I don't like the 4E art style. To me, tieflings are red dranei.
4E deals with instand gratification. WoW deals with instant gratification, too. People who deny that need to second-guess their decision. That grinding is not what WoW players think about; they think of how great their character is. That's because at earlier levels there is no grinding, and Blizzard was smart enough to realize that nobody likes dead levels. This combines together to mean that you can go threough the first 10 levels in a day easily before any grinding needs to start, with each level providing a game-changing ability for you to try out. By the time the grinding sets in, you are hooked. Players know that the next level holds a cool new ability for them, and are subconsciously willing to waste their time to get there.

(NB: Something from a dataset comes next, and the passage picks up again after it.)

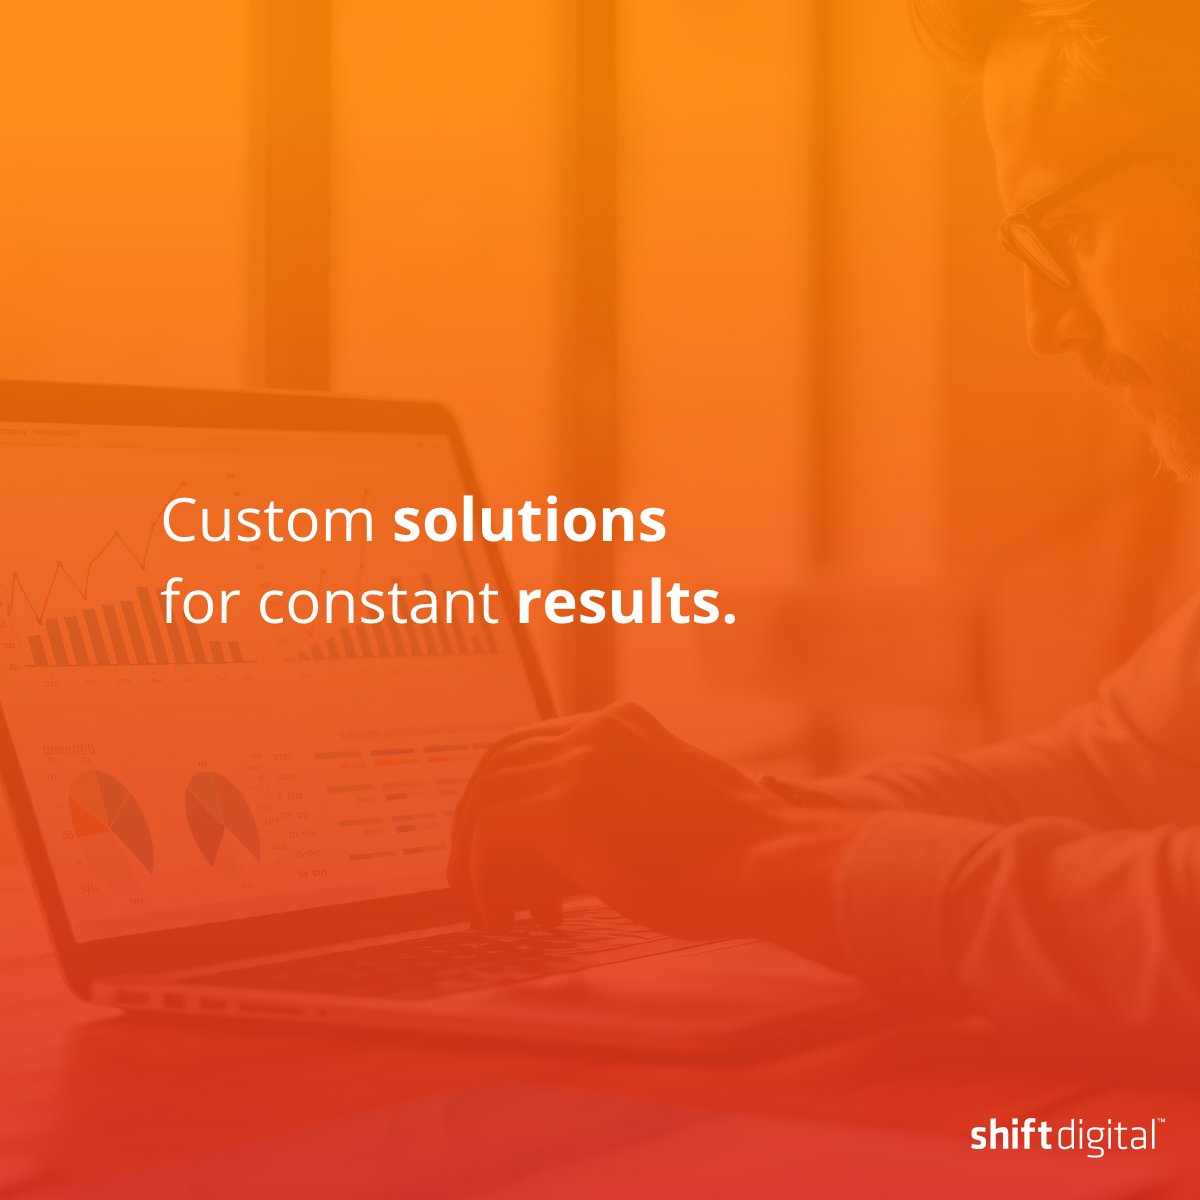 At #ShiftDigital, we like to keep it in-house. We develop the game-changing digital solutions that enable our clients to achieve results. ow.ly/8MJx50Qg95s #ShiftDigital #DigitalIntegration #DigitalOptimization

It starts as instant gratification, but then the gratification is spread farther and farther apart.
4E always felt like a game based on hotkey powers without cooldown. Instead, the game is wracked by
dissociated mechancis and the previously mentioned basis upon combat. Instead of cooldown times, there are instead limited uses per day. Why can't mundane abilities be used more than three times per day? Once per day? I dunno; you figure it out.
There were occasional anomalies in 3.5, but this is the CORE MECHANIC of 4e!
Why can't you multiclass? WoW doesn't let you either, so don't complain
I use to have feel guilty about having w problem with these things, because Tome of Battle was the prototype for 4E, and I think that ToB is a fantastic fundament for a system! Well, I had to realize that the primary difference between the two is that 4E strives against dissociated mechanics and limits per enocunter with recharge mechanics rathert than just expecting you to go all day. In fact, ToB cuts down on the 15-minute Adventuring Day! From what I've seen, 4E just encourages novas all the more...
I also think 4e took a huge step in the wrong direction for base setting, but I don't know if this is due to WoW or not. Remember how people got up at arms about how everyone plays a Warforged all of the time? Well, I never got that sense, even gaming with Warforged PCs. Warforged are either from a setting, or the end of a random Monster Manual.
What gets me, though, is that the basic 4E PHB had something like 11 races, meaning that the average gaming group could only play one of those races, just like 3E. The fact that Tieflings and Dragonborn are there just fills my head with "What?" Having such exotic races in the PHB means that average adventurers can be assumed to have at least a 1/11 chance of being a demon or a Dragon-man. That gnomes were included in an expansion means that there will be more demonic adventurers and dragon-people in most 4E games than there will ever be sly midgets.